- Problem description: Please return every line in the entries below with the word "Banque" in it.

# # # # #

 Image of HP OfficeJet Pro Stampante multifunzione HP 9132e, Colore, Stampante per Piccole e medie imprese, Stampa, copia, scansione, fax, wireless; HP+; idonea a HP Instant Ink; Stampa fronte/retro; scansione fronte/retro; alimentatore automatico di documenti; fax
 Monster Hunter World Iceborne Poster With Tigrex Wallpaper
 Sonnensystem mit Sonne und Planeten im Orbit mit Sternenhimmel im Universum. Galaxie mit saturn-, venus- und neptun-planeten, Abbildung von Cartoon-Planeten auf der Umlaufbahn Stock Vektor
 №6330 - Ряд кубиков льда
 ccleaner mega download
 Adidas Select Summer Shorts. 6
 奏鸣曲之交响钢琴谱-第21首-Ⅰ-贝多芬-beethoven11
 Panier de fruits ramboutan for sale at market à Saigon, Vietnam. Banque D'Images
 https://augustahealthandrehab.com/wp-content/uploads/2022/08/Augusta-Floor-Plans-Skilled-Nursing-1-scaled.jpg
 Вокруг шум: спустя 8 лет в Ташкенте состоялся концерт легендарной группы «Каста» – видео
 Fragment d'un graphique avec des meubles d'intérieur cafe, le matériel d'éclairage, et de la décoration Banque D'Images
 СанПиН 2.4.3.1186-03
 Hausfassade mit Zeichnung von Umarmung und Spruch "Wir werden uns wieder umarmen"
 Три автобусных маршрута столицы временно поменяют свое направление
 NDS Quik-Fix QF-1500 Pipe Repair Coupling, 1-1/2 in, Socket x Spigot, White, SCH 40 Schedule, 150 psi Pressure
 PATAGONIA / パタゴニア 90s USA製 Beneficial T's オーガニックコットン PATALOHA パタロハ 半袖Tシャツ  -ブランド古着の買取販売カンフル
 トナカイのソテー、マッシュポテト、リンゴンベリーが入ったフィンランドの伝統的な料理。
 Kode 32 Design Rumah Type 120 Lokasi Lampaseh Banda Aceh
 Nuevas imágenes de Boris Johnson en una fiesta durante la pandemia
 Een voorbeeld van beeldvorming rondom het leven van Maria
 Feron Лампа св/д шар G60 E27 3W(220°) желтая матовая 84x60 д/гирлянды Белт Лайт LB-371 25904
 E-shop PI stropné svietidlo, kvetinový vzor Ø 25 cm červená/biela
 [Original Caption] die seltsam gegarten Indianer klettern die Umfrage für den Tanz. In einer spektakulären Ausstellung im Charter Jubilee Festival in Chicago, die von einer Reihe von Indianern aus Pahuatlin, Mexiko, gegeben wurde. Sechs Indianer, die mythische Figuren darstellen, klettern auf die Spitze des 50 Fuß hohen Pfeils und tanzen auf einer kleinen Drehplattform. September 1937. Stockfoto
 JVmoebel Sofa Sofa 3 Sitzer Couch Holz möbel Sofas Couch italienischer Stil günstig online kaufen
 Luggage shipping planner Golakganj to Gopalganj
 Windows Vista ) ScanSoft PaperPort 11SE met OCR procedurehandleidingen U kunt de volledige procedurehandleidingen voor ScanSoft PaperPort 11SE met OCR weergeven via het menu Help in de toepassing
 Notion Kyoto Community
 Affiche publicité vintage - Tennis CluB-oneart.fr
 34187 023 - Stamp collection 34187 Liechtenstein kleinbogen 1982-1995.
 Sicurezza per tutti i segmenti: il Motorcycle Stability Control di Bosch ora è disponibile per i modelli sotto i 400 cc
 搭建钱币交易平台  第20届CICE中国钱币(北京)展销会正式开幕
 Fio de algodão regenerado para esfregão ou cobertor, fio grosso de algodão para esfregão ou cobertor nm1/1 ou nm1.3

# # # # #

- Answer section:
 Panier de fruits ramboutan for sale at market à Saigon, Vietnam. Banque D'Images
 Fragment d'un graphique avec des meubles d'intérieur cafe, le matériel d'éclairage, et de la décoration Banque D'Images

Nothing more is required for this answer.